1. Please get tacrolimus ( pangraf) level done. Increased tacrolimus level can cause graft dysfuntion
2. Get a urine routine and a 24 hour urine protein done to know if there is any recurrence of your native kidney disease
3. Please let me know the biopsy report so that I can assess what is happening
4. Please make sure to take the tablets on time, and make sure your hypertension is under good control
I need more info as well
1. What was the basic kidney disease before transplant?
2. Who was the donor? Age? Was any induction given before surgery
3. Was your surgery uneventful?
Please get back to me, I am awaiting your reply
Regards


CKD,Native Kidney Disease,Hypertension,Hypoviaminosis D,Grade-III echogenetic kidneys.
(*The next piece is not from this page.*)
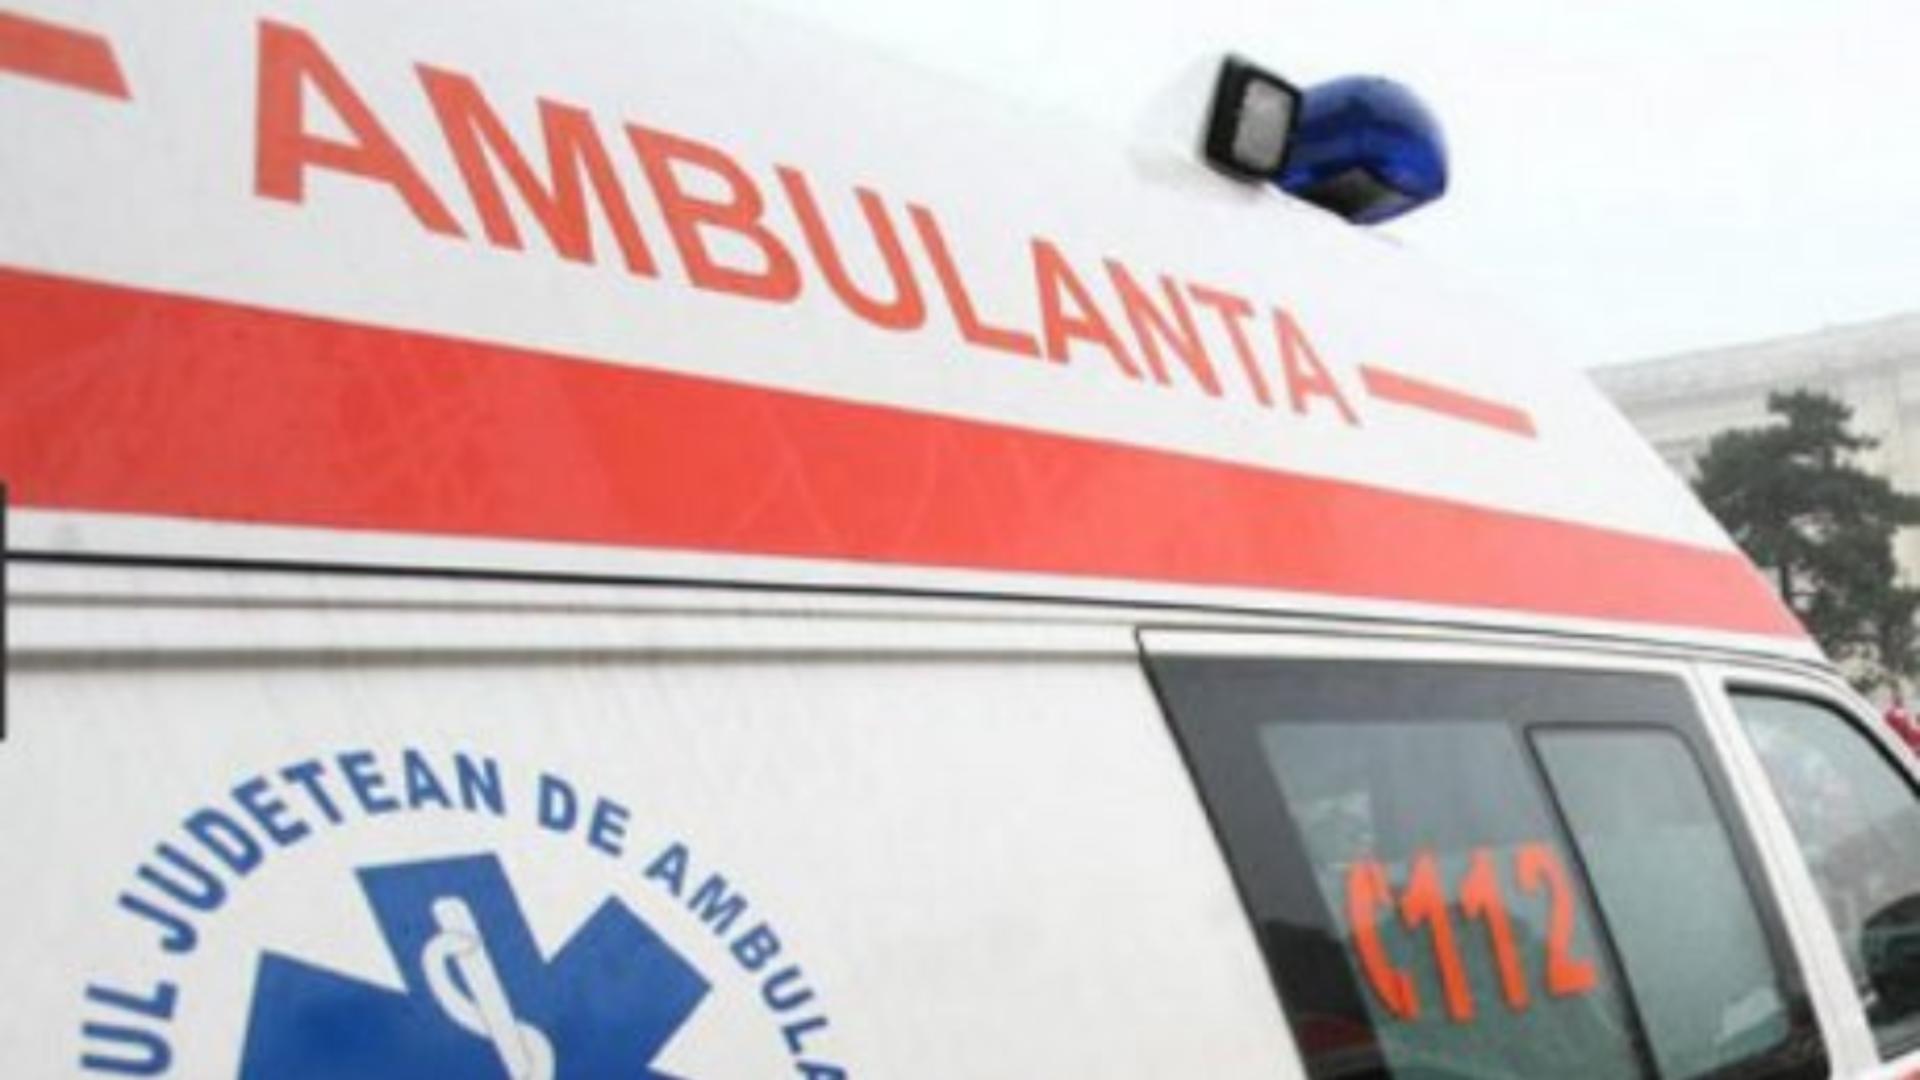 Bărbat rănit după ce a căzut cu mașina de pe un pod din Cluj. Au intervenit echipajele de descarcerare

Donor:My sister (40/F) and perfect match and nothing given before surgery. And nothing happen during surgery and till date I am perfectly well and leading normal life. Surgery done in Indraprastha Apollo Hospital, New XXXXXXX under XXXXXXX Guleria. Currently I am under Dr DK Pahari, Medica Superspeciality Hospital XXXXXXX
Reports for biopsy and others attached herewith.
Please advise.
Follow up
Detailed Answer:
Hello
Thanks for getting back with the details. I have gone through the reports attached by you
Here are my recommendations to you
1. Your proteinuria is 1.8g/day, i recommend that you increase your ACE/ARB to the highest tolerable dose. Proteinuria is directly toxic to the kidneys
2. I recommend strict control of hypertension and also make sure that your Tacrolimus level is within normal range
3. There is no known effective treatment for transplant glomerulopathy except proper control of hypertension and use of ACE/ARB
4. Transplant glomerulopathy is related to HLA class II antigens, so I recommend you to get a Donor specific antibody done to rule out rejection
I hope I was of help, please get back to me for any further queries
Regards


And Donor specific andibody is a test or anything else?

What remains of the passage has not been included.